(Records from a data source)
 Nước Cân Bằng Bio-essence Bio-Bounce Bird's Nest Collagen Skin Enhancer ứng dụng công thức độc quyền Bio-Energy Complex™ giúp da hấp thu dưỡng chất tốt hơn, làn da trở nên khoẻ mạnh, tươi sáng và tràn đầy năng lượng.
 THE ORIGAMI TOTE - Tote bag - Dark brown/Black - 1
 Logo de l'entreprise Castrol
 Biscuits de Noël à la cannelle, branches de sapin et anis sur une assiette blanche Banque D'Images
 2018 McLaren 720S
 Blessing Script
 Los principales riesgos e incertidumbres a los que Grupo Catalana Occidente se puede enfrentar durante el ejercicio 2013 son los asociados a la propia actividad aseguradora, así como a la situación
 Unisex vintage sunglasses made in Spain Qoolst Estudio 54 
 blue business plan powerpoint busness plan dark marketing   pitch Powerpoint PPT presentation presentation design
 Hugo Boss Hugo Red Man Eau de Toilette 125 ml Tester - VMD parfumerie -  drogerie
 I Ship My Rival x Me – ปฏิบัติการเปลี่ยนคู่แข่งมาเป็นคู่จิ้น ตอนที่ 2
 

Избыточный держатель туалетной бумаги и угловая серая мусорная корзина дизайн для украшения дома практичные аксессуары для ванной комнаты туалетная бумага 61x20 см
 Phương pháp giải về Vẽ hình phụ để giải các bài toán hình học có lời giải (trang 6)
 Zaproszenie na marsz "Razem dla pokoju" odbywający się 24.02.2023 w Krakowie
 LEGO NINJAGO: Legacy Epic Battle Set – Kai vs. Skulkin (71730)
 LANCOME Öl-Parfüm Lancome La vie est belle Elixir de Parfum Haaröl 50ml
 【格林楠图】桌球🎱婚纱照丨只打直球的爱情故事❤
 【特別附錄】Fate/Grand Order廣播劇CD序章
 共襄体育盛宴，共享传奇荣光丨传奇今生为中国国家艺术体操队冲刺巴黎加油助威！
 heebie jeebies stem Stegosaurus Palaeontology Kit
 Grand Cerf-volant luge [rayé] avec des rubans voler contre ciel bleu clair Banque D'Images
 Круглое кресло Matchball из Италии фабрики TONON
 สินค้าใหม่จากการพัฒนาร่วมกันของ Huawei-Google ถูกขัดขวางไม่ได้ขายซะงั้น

§ WHAT THIS TASK INVOLVES: Could you set down, word for word, only the lines above from the line with "Los principales riesgos" to the line with "Unisex vintage sunglasses", including both?

§ SOLUTION:
 Los principales riesgos e incertidumbres a los que Grupo Catalana Occidente se puede enfrentar durante el ejercicio 2013 son los asociados a la propia actividad aseguradora, así como a la situación
 Unisex vintage sunglasses made in Spain Qoolst Estudio 54 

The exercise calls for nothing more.